У пациентов с тяжёлыми врождёнными деформациями позвоночника часто присутствует нестабильность передней и средней колонн позвоночника. Данный факт обусловливает необходимость вентральной стабилизации [19]. В отдельных случаях, при невозможности достичь полной декомпрессии спинного мозга из заднего или заднебокового доступа, вентральный этап стабилизации сочетается с передней декомпрессией [20–23]. В приведённом клиническом примере 1 был использован данный подход. На этапе задней стабилизации деформации и вентральной резекции тел позвонков на вершине деформации достигнута декомпрессия спинного мозга и фиксация позвоночника. В результате проведённой операции в клинической картине послеоперационного периода отмечен регресс неврологического дефицита. Из-за дефекта задней колонны позвоночника сохранялся риск дестабилизации установленной конструкции, а в дальнейшем — прогрессирования деформации и нарушения неврологического статуса.

В клиническом примере 1 стоит отметить применение Halo-pelvic тракции, несмотря на то, что в научной литературе данный этап лечения описывается как противопоказание к применению у пациентов с неврологически осложнёнными деформациями позвоночника. Однако применение Halo-pelvic тракции у пациента из клинического примера 1 позволило добиться частичного регресса неврологического дефицита [8, 24]. Во время проведения Halo-pelvic тракции происходит стабилизация деформации, достаточная для создания условий, обеспечивающих снижение венозного застоя в сосудах спинного мозга и улучшение кровообращения спинного мозга на вершине деформации. Обеспечение перфузии и оксигенации тканей спинного мозга приводит к наблюдаемому клинически регрессу неврологического дефицита [10, 25].

Ввиду сложной геометрии деформации, аномальной анатомии позвоночника применение серийных вентральных пластин в данном случае не представляется возможным. Обусловлено это невозможностью добиться плотного прилегания серийного фиксатора к телам позвонков, несовпадением точек крепления пластины и линейных размеров пластины. Эффективный подход к стабилизации позвоночника заключался в изготовлении индивидуальной пластины, которая имеет практически полную конгруэнтность поверхностей соприкосновения, а этапы её проектирования позволяют рассчитать места установки фиксирующих винтов, траекторию их проведения, в том числе чтобы при их установке не было конфликта инструментария с грудиной или ключицами, что обеспечило отсутствие необходимости стернотомии.
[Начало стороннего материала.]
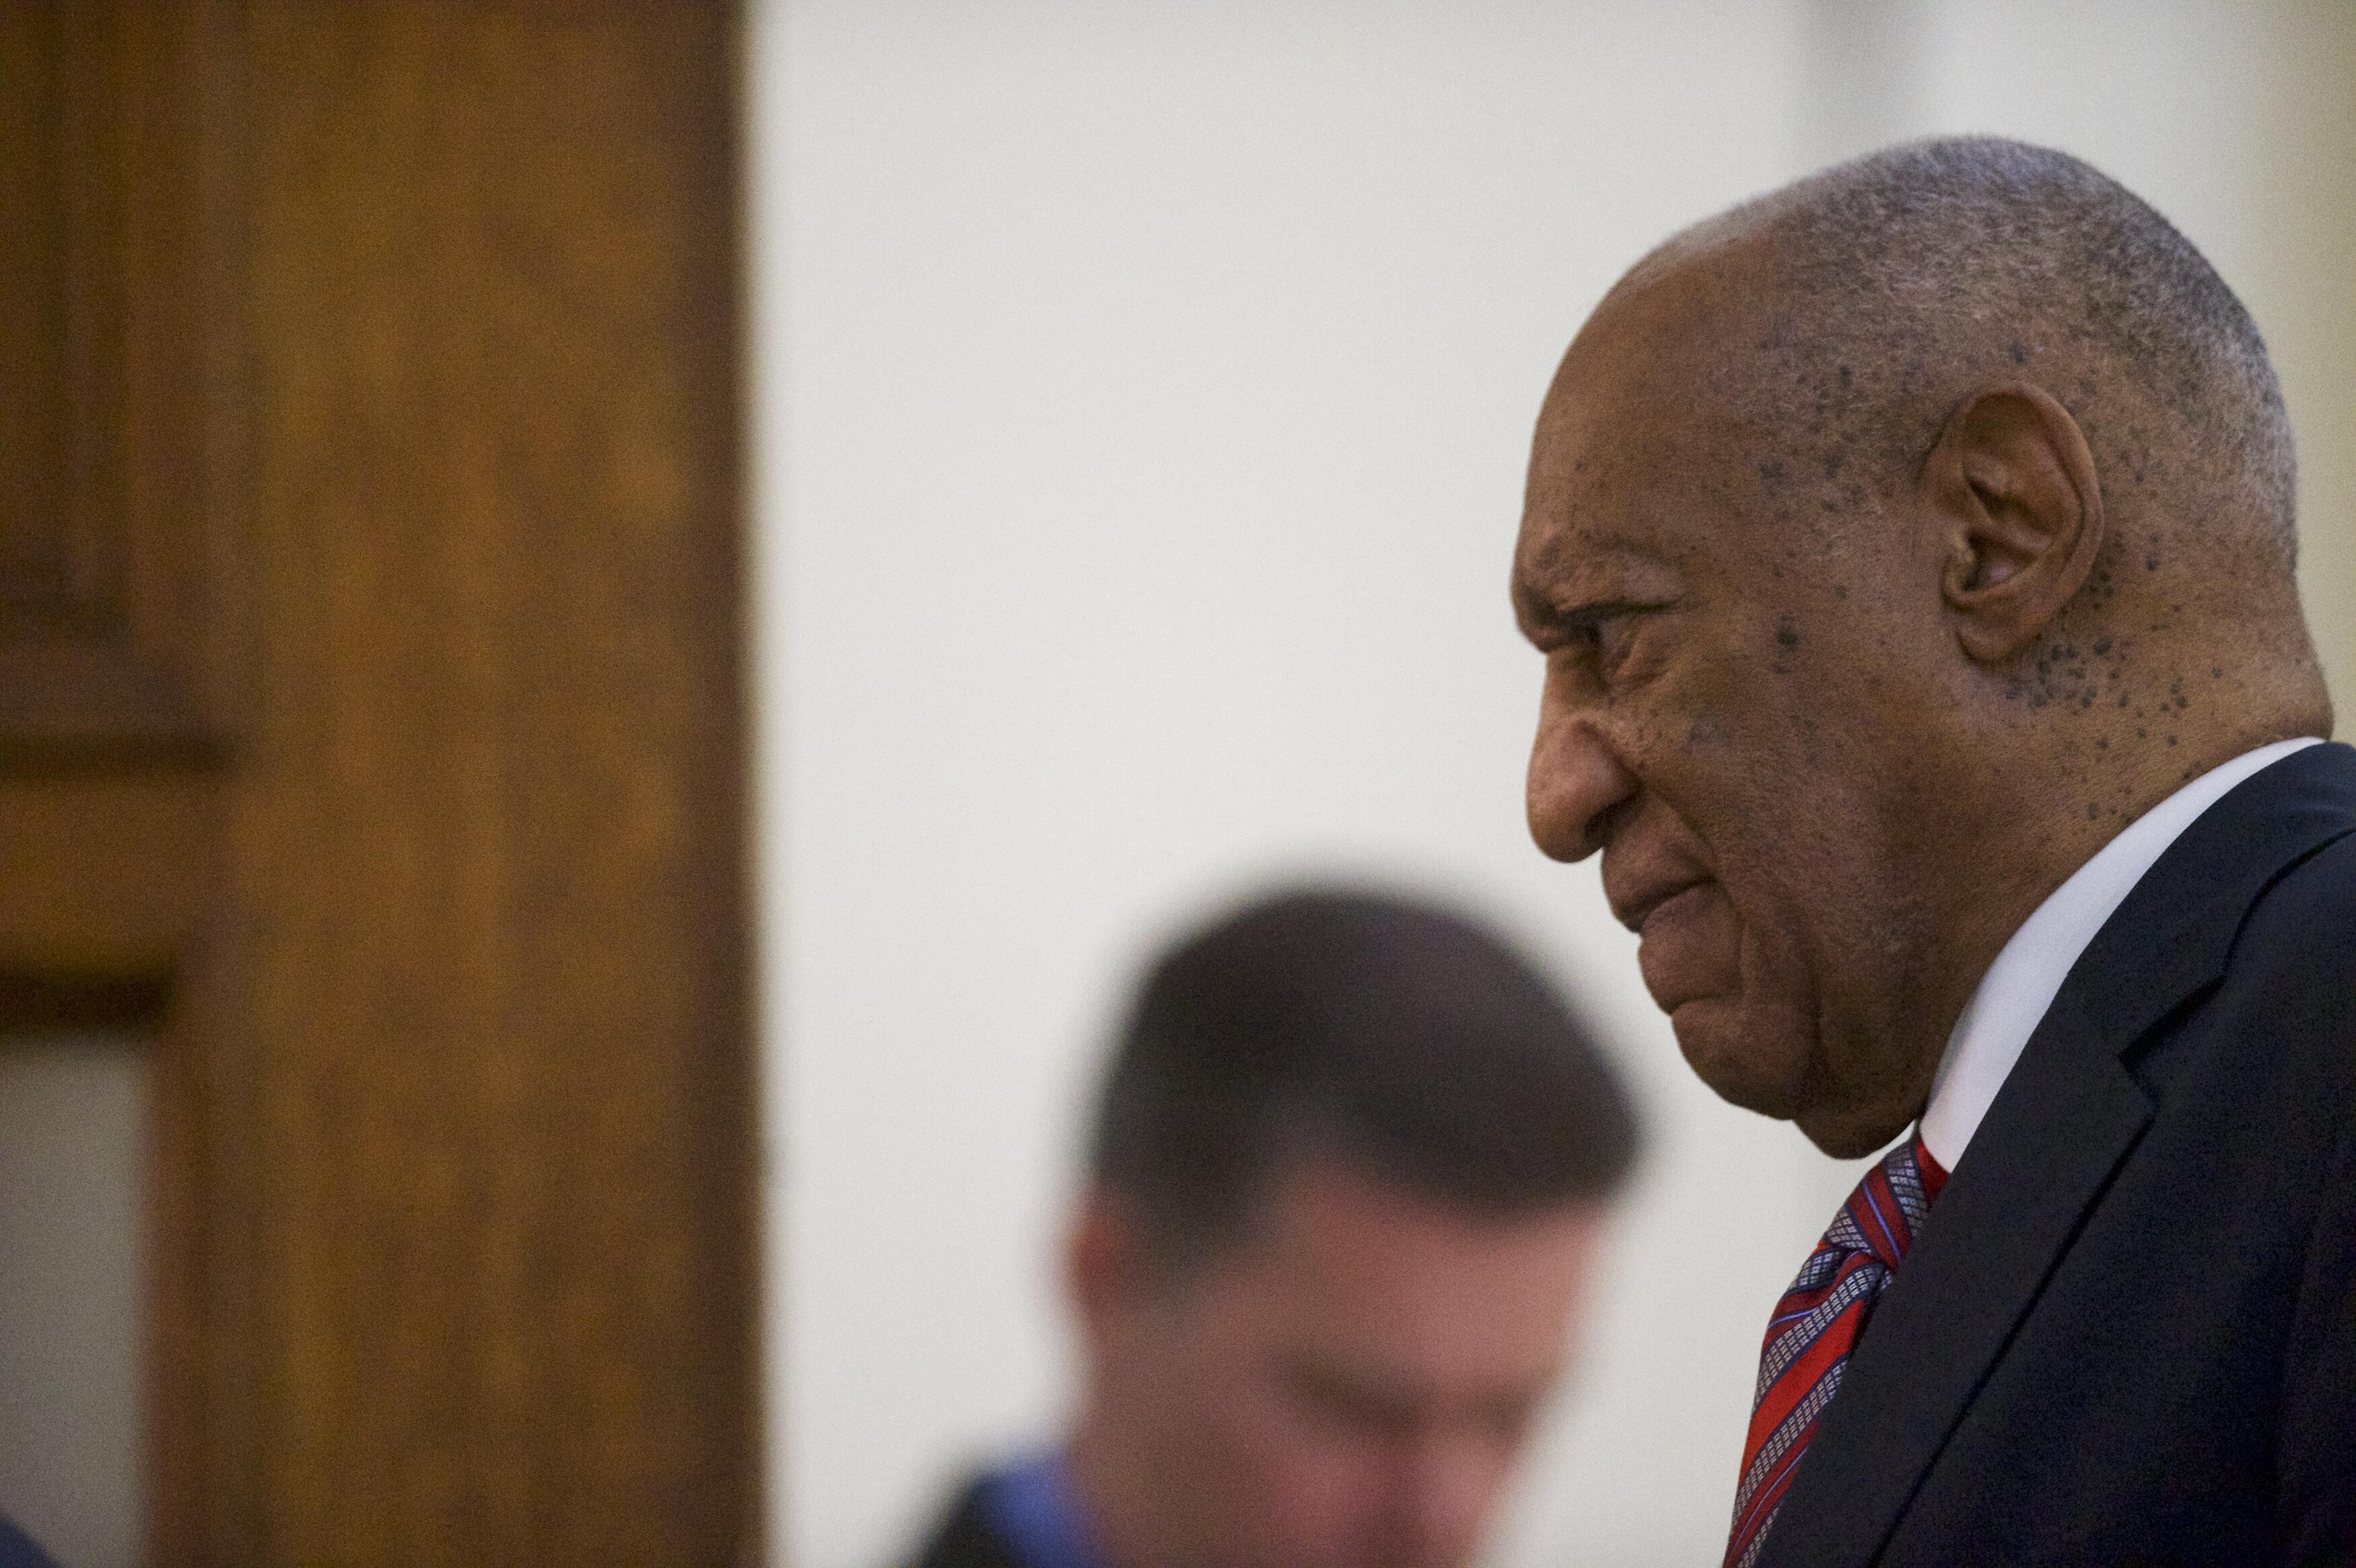 NORRISTOWN, PA - JUNE 7:  Bill Cosby walks outside the courtroom on the third day of his sexual assault trial in the Montgomery County Courthouse June 7, 2017 in Norristown, Pennsylvania.  A former Temple University employee alleges that the entertainer d

С целью планирования всех этапов операции и отработки установки индивидуального имплантата изготовлена полноразмерная индивидуальная 3D-модель позвоночника. В конечном результате хирургического лечения был достигнут полный регресс неврологического дефицита со стабилизацией позвоночника.

При естественном течении тяжёлых нейрогенных деформаций позвоночника также имеется высокий риск компрессии спинного мозга, что требует стабилизации позвоночника и выполнения декомпрессии миелорадикулярных структур [26]. Подобную ситуацию иллюстрирует вышеописанный клинический случай 2. Болезнь Шарко–Мари–Тута, тип 4С наиболее часто проявляется в первые десять лет жизни с высокой частотой развития сколиоза. У некоторых пациентов развитие происходит медленно, позволяя ходить вплоть до пятого десятилетия жизни, тогда как другие становятся зависимыми от инвалидного кресла в подростковом возрасте [27].

С учётом подробного обследования пациента полная визуализация зоны компрессии невозможна ни на КТ, ни на МРТ, а следовательно, заведомо ошибочное планирование зоны резекции и в последующем недостаточная декомпрессия не приведёт к успешному клиническому результату. На изготовленной полноразмерной 3D-модели позвоночника и спинного мозга отмечено формирование наибольшего сдавления спинного мозга за счёт корней дуг. Несмотря на схожесть кифосколиотических деформаций с клиническим случаем 1, оптимальным методом операции в клиническом случае 2 является заднебоковая декомпрессия, включающая не только ламинэктомию, но и резекцию корней дуг и прилежащих рёберно-поперечных суставов. В результате резекции вышеуказанных костных структур сформировалось новое ложе для спинного мозга. При этом спинной мозг не перемещается, а только мобилизуется.

На разборной 3D-модели с раздельной печатью костных и нервных структур возможно определить оптимальную зону протяжения декомпрессии по сужению диаметра модели спинного мозга. Протяжённость транспедикулярной фиксации и отсутствие дефекта передней колонны позвоночника ограничили хирургическое лечение только дорсальным этапом. Как и в первом случае, подробное планирование метода операции и выбора зоны декомпрессии привело к положительному клиническому эффекту — регрессу неврологического дефицита и предотвратило инвалидизацию пациента.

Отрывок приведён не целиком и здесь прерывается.